# Data shown:
━━━━━━━━

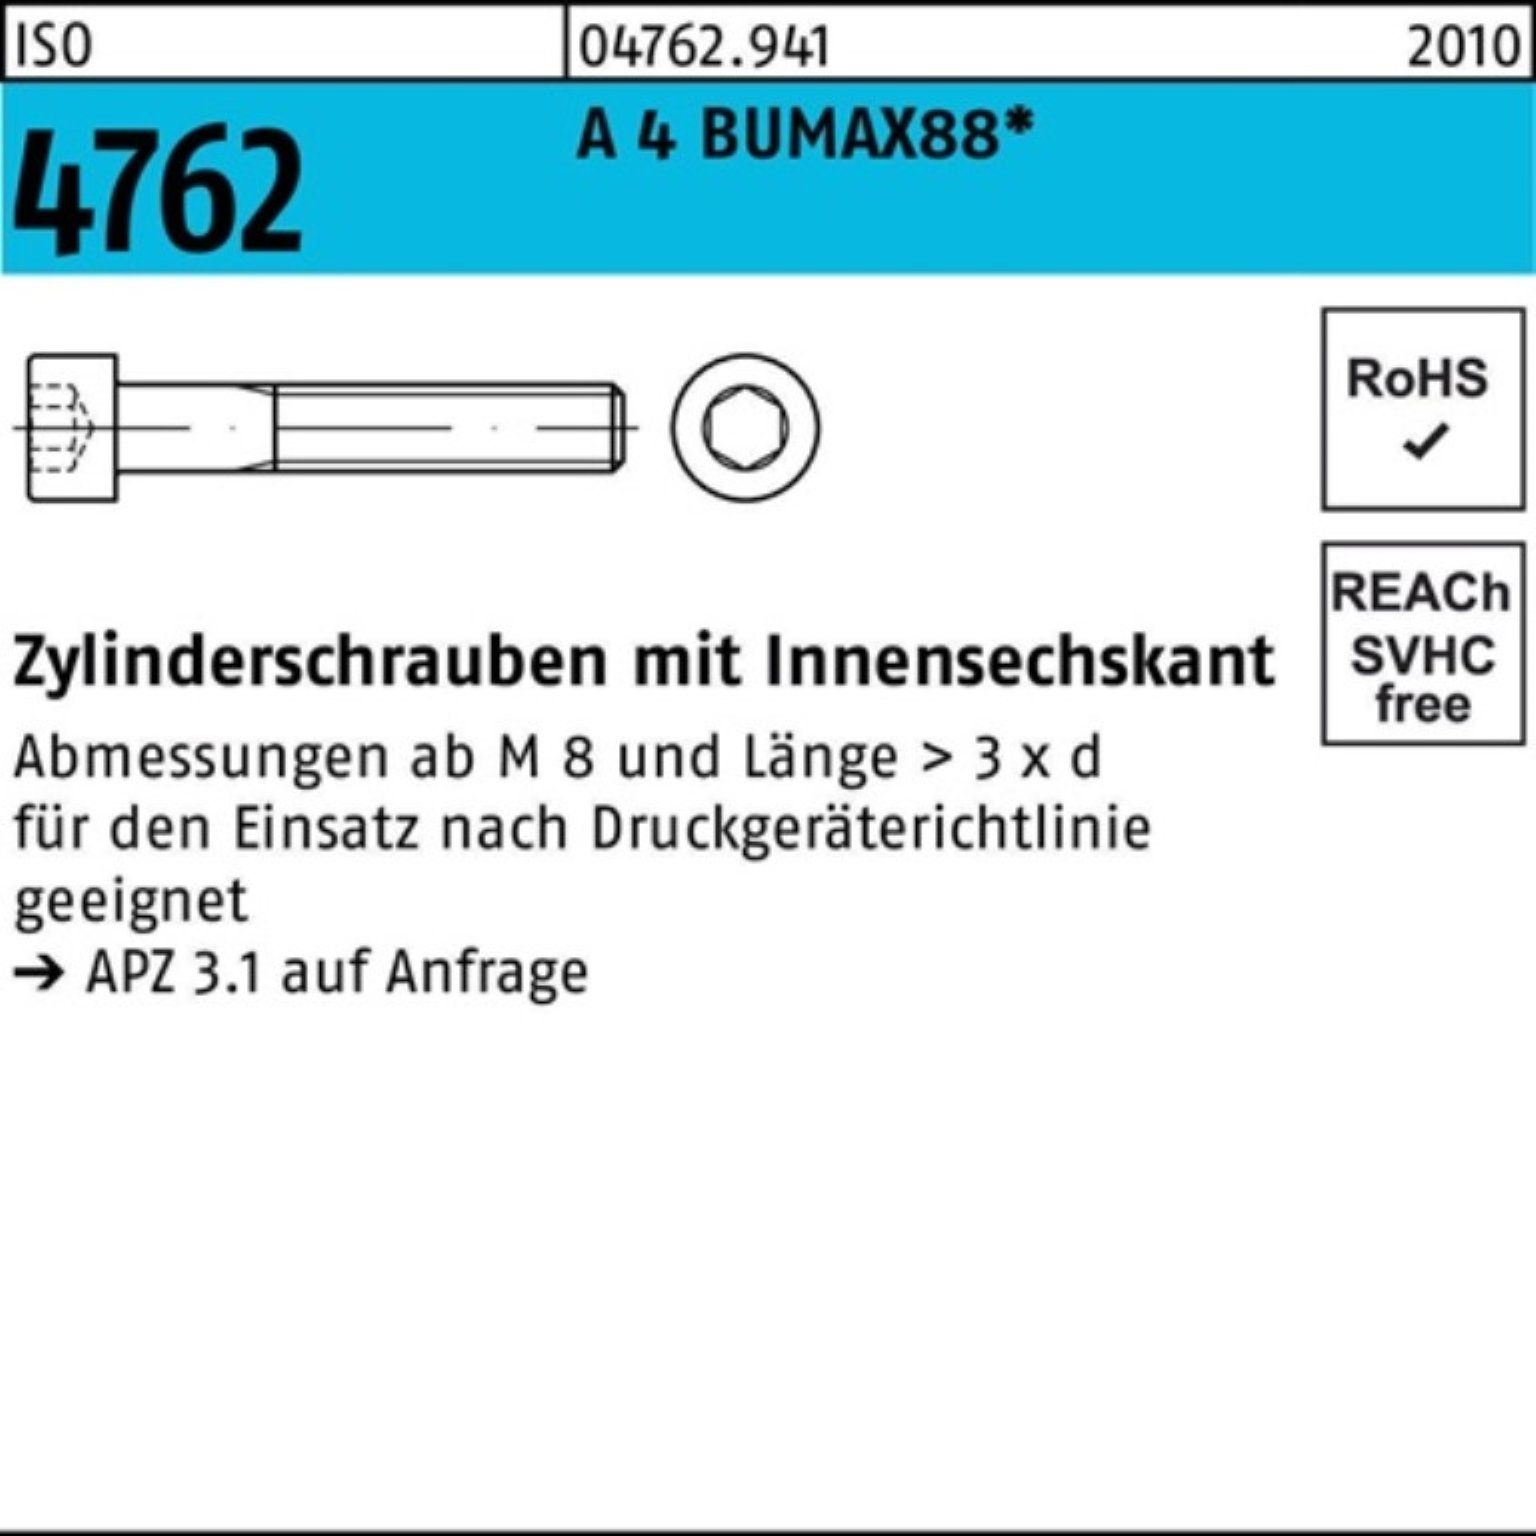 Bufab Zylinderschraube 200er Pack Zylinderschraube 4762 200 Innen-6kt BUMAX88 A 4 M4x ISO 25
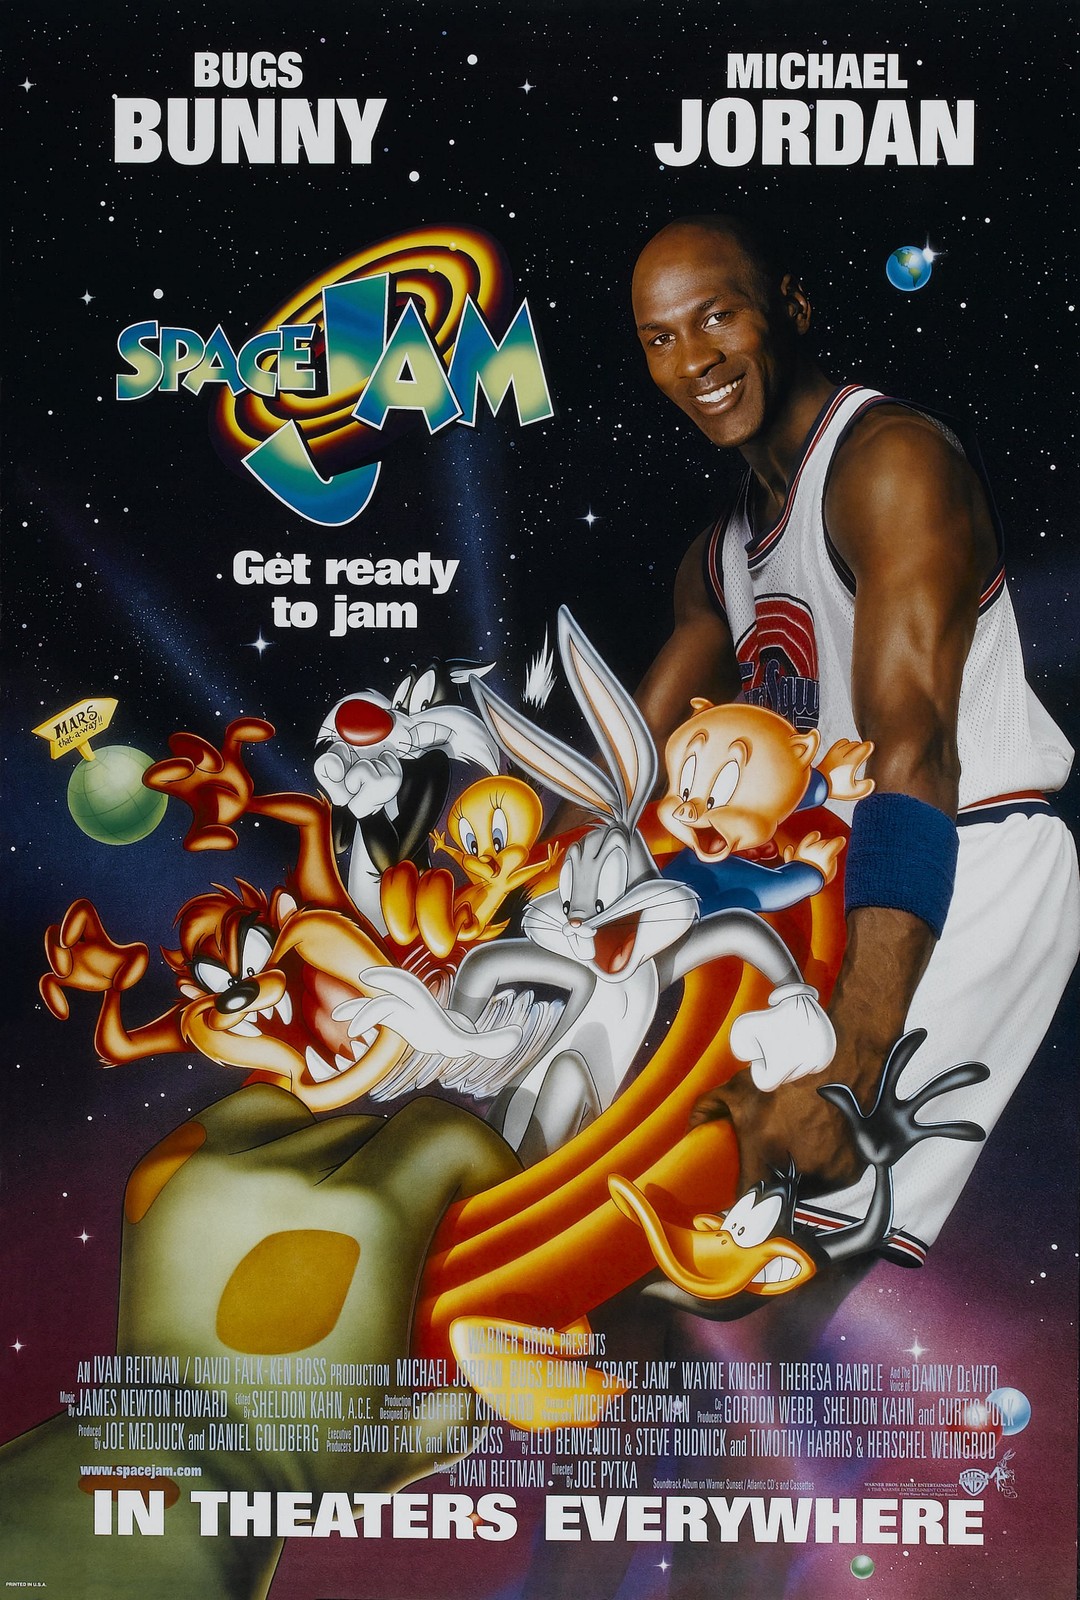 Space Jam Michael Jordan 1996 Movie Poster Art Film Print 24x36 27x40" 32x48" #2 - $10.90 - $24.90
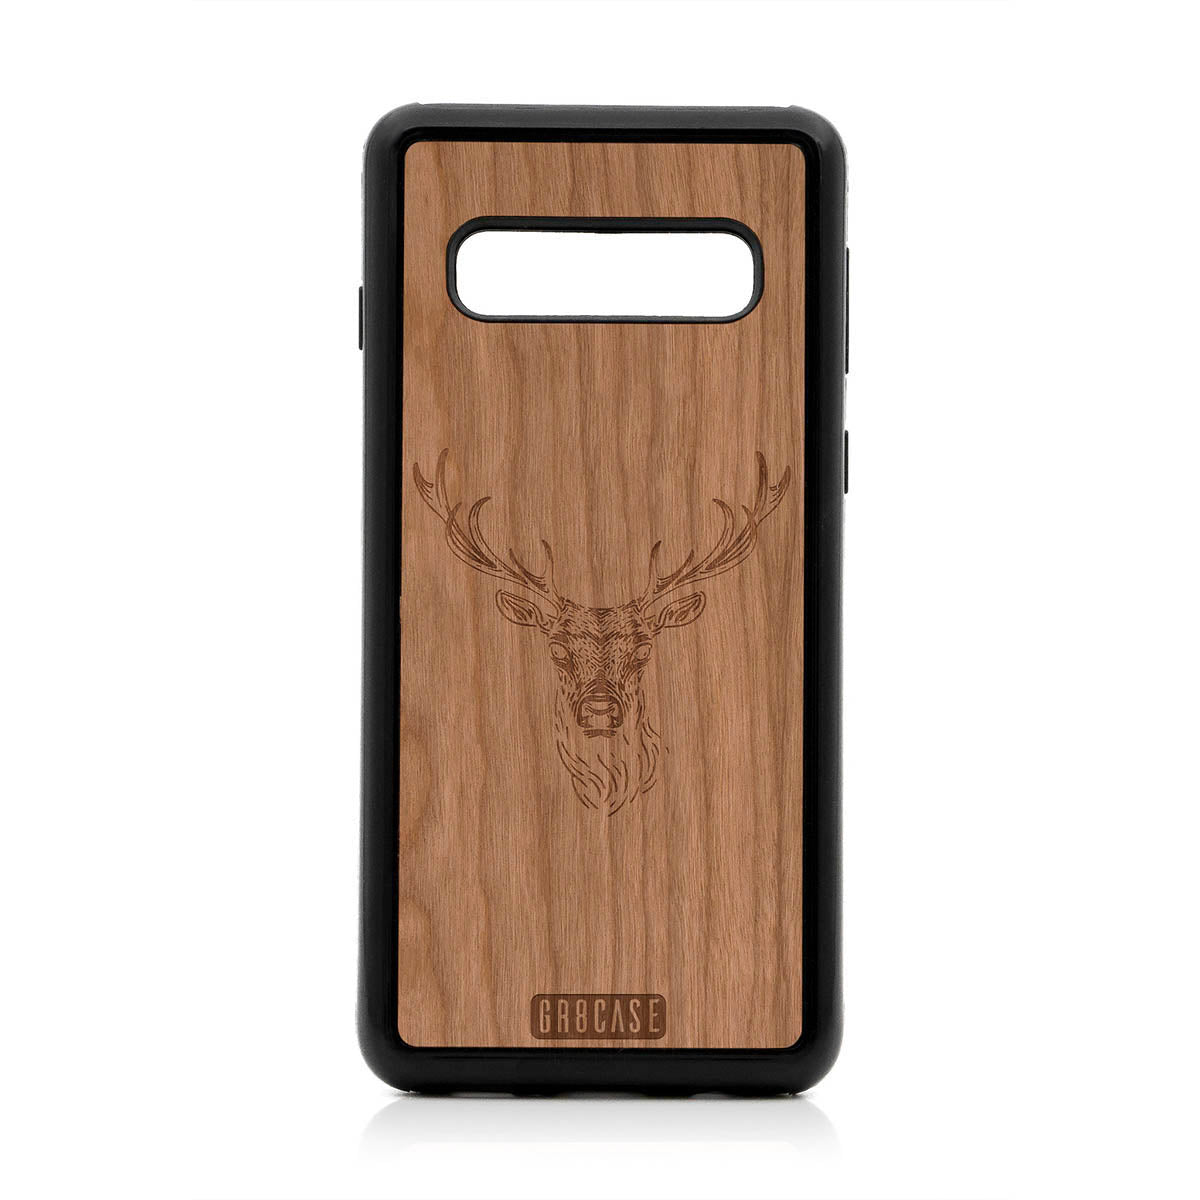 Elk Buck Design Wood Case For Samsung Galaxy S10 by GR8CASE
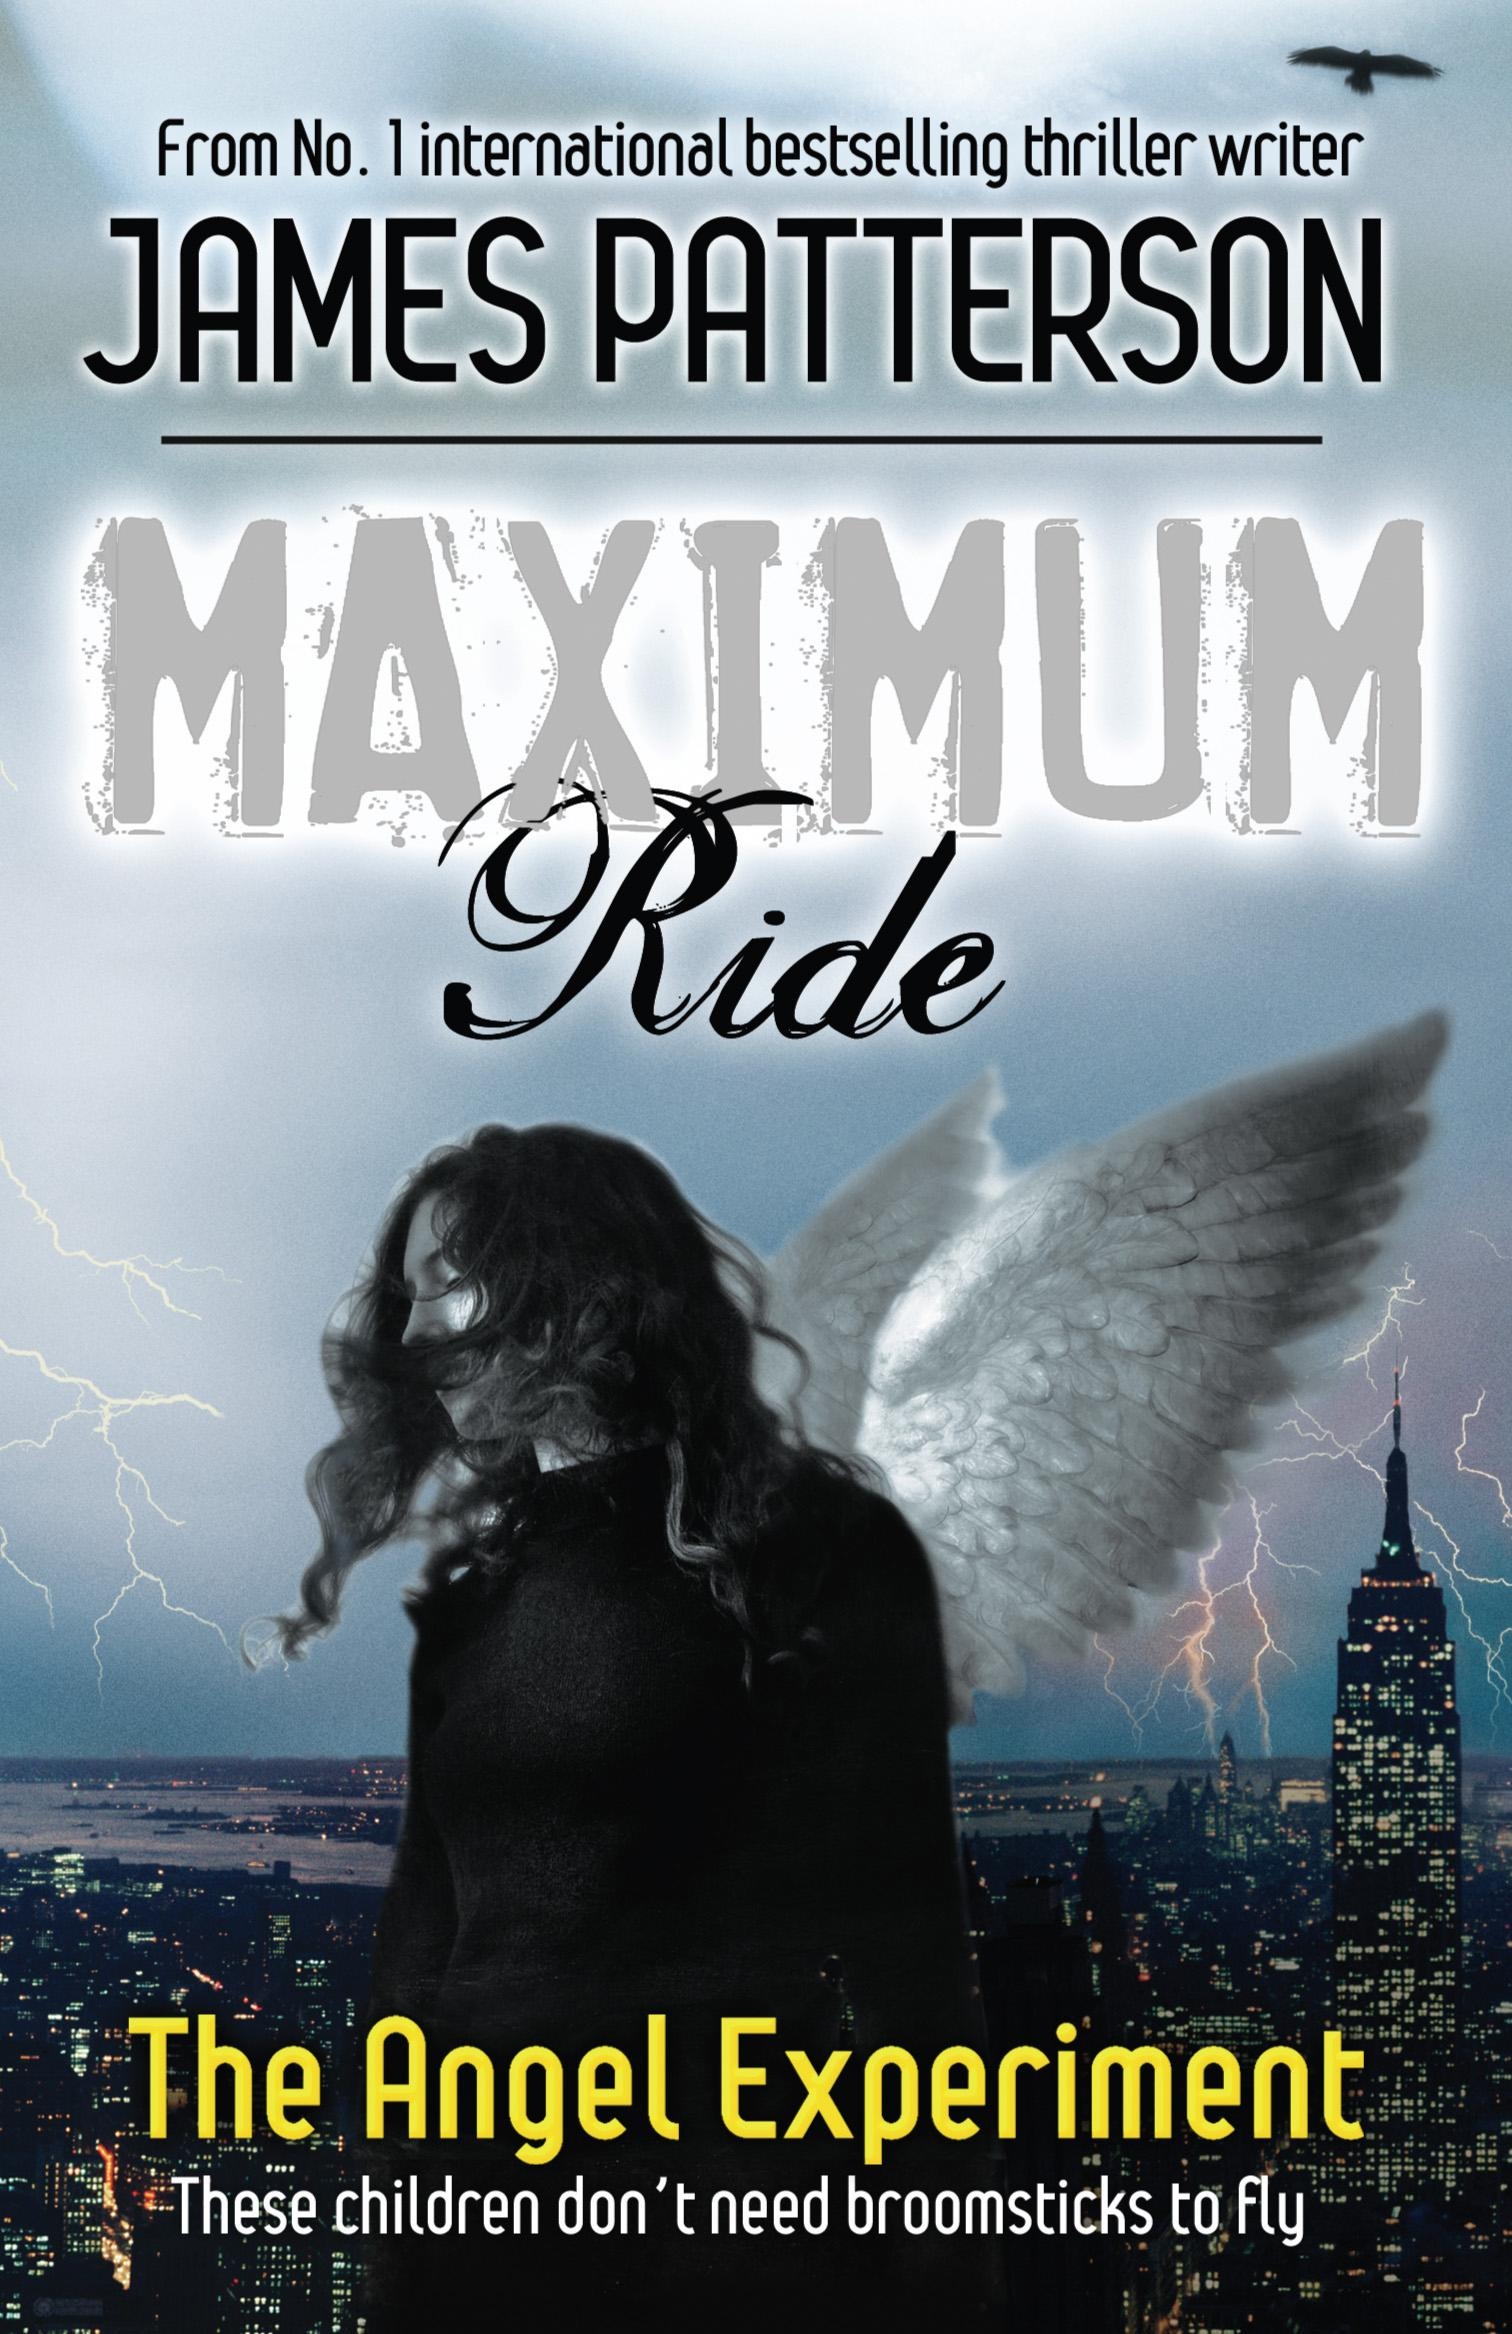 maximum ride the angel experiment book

━━━━━━━━

# How to complete this task:
Write out again every line above exactly as given; the pictures do not belong in the copy.

# Solved problem:
 Bufab Zylinderschraube 200er Pack Zylinderschraube 4762 200 Innen-6kt BUMAX88 A 4 M4x ISO 25
 Space Jam Michael Jordan 1996 Movie Poster Art Film Print 24x36 27x40" 32x48" #2 - $10.90 - $24.90
 Elk Buck Design Wood Case For Samsung Galaxy S10 by GR8CASE
 maximum ride the angel experiment book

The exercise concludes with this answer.